You will nver know what kind of person the other person is, and what thing they are thinking in their mind...
I will hope that people will try to know me more and know of my intention.....
But, who will try to believe me,trust me and willing to understand me and know more about me.....
Difficult ba......

I hope that everything will turn out well for everyone.

The history of how the Guy and Girl met~~(Part 2)

Chapter 4 of how i met her again~~

This time was during the end of december at 28 till 29 December of 2011.

That time was Round Ubin Expedition organised by Camp Resilience.
The first time i realised that she was going was through the namelist sent out by the committee.
And i was like,woah, got the chance to meet you again, and we are definitely gonna talk more about STC 2009,hahaha~

So that day, on 28 December, the briefing, they say that we are going to pair up, 2 star and 1 star pairing up, then i didn't know that she was 1 star kayaking as i thought she was 2 star liao.

Then i jiu take this chance to ask her if she wanna pair up together, since we are like know each other and have the fate to keep seeing each other~

The next day on 29 December, it was the actual expedition liao, we all had lots of fun, and sometimes i bully her without her knowing as when she's paddling alone, I was actually holding to others kayak, then she say like paddling very hard not knowing that i'm actually holding others kayak,hahaha :DD

During the expedition, we chat quite a lot, she share some story with me, and me sharing stuffs with her too, that i nver thought why i told her anyway. And even before the expedition, we also talk abit on twitter too.

But that day i really had lots of fun, to know of a new CI and some more is once my cadet :))

Sidetrack~~
then after that period of time when i start to have feelings for her, and start to do something stupid to her~
so one day,7 Feb 2012,midnight 12 plus if i'm not wrong, i text her, to text me when she going to sleep, means on the verge to fall asleep, to tell me as i got something very important to tell her.
She said okay, and i bet she is wondering what i am gonna tell her.
So she texted me that she going sleep liao.
So I called her and just said," Good night~"
And she totally laughed, hahaha,and i admit that it was really funny, hahahaha:D
And instead of her sleeping, we end up talking for 1 hour, hahaha~
Then from that day onward, we start to talk everyday,and on the phone for most of the night, and even make the effort to call her in the early morning when she woke up and said "Morning~~" to her, even if it's not the time for me to wake up yet sometimes, and when she was like still in sleepy mode, her voice was really sloppy but nice to hear too,cuz the voice was really gentle and i like,opps,hahaha:P

Okay back to the story~~

Chapter 5 of meeting her~~
I think it was during CNY period, cant remember what's the date, I think it was during 17 February 2012.She was having a gathering at her house, inviting her class mates, Joanna, Eldora and one more malay and i cant remember who,haha~
And she invited NP people Rahimi, Alvin wee, yu han, one more girl and her child hood friend, li yan, and lastly Aloy and me( the oldest people there)~~
And that day when i saw Alvin wee, i think i had seen him somewhere and i thought that he abit ah beng one, but he was damn guai well behaved there, and i dunno why too,hahaha :D

That day at her house, was quite fun, and damn that Aloy and Liyan(ps uh,haha), trying to create scandal between me and her, tsk sia,hahaha :D










And presenting to you is the her when she is during kindergarden, and yes, is the one on the top right
corner, who is singing very passionately,hahaha:D








I guess, the chapters end here alr.....
This were great and awesome memories of me and her.....
And i hope that.....
Hmmm.....
Nevermind....

If you are seeing this, I hope that all these good memories of us, will be there in your mind, and the most I wish is to forget about all the bad things and weak side of me that you had seen of me.....
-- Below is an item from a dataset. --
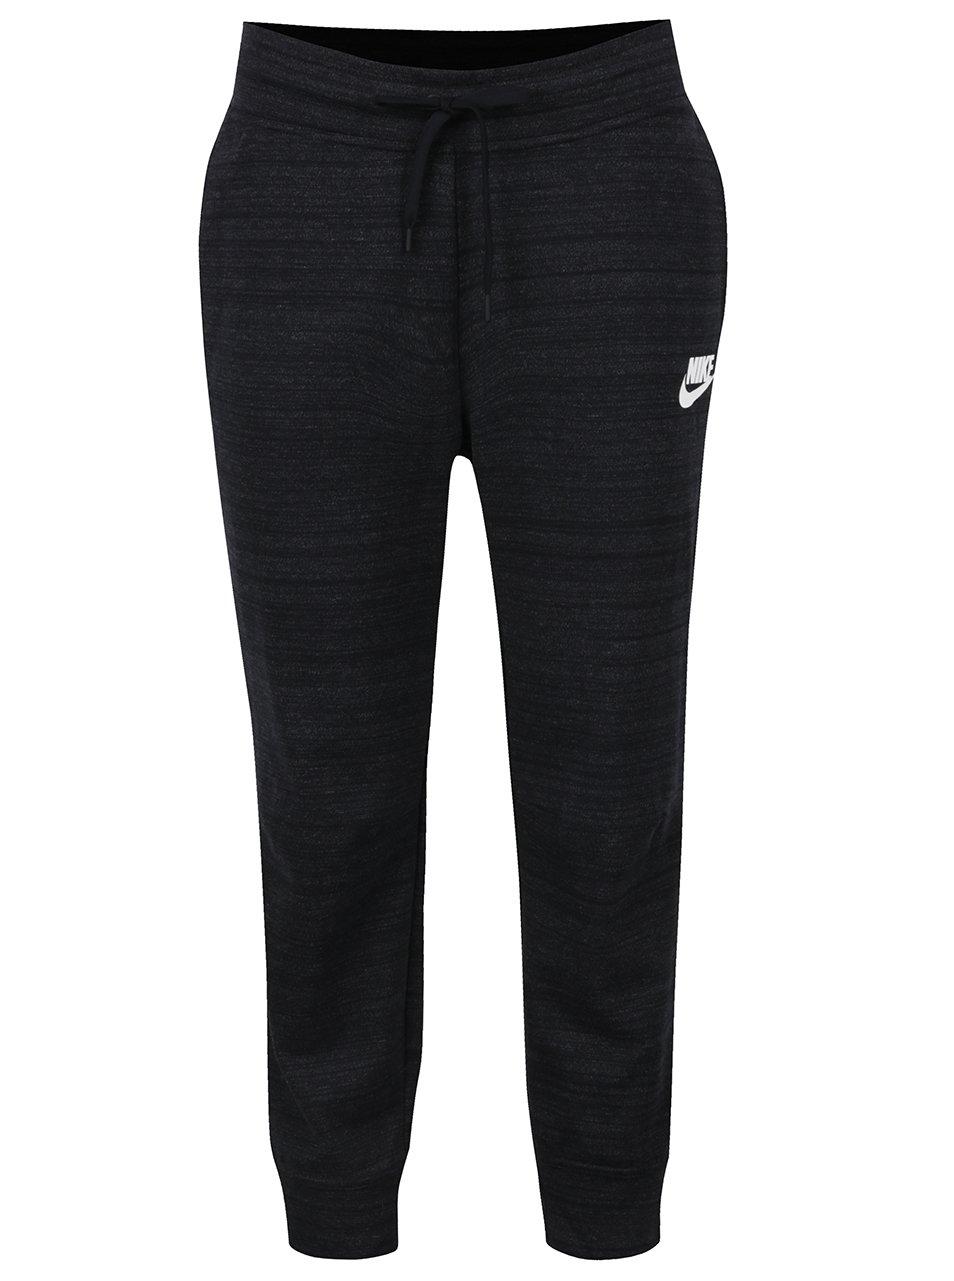 Černé dámské žíhané tepláky Nike Sportswear Advance 15

Stay happy, and i wish that you will look for me one day sharing the sorrows of yours.....
Looking forward to it~~

Saturday, April 21, 2012

The history of how the Guy and Girl met~~

Chapter 1,Our story starts during Area 18 STC 2009, on 27 October till 28 October 2009, just 2 days.
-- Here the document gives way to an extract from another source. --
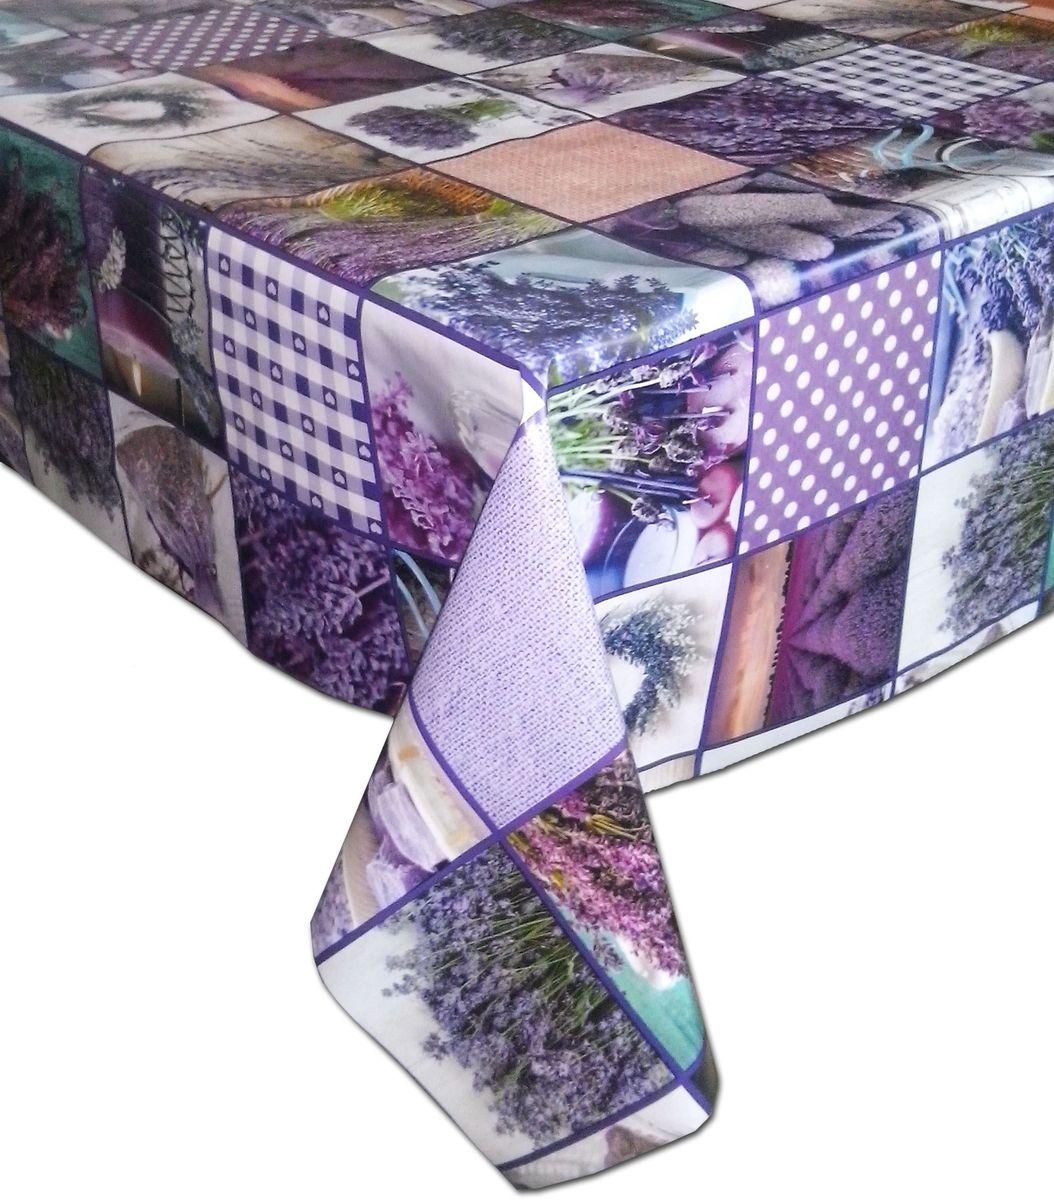 Столовая клеенка LCadesi Florista, прямоугольная, 100 х 140 см. FL100140-309-00FL100140-309-00Столовая клеенка Florista с ярким дизайном украсит ваш стол и защитит его от царапин и пятен. Благодаря основе из нетканого материала не скользит по столу. Клеенка не имеет запаха и совершенно безопасна для человека.

I remember that time me and Cheryl is still together, and she was one of the coords of the camp, that period of one of good experience for us as the CIs that are available are really limited which is about 12 CIs only combining of both ATC and STC side including the Coords.

That time every group were only assigned with 1 CI only and my group have total of 19 cadets, and the number of 19 to just 1 CI was like WOAH!!!!

HAHA,so it's definite a challenge for me to actual remember everyone's name,and amazingly,i manage to do it~

And she was there, that time I didnt really notice much about her, as it was like 3 years back,haha, really old liao.

That time, is my second time going for ATC/STC as a Group Instructor, and my very first time taking STC, sec 3 group and someone a very big group. Really a very big challenge, though it's only for 2 days.

That time being a GI for them, i feel that as a Sec 3, they should be more of  independent as most of them are either NCO or Cadet Leader. So that time I let them be on their own and just observing from far.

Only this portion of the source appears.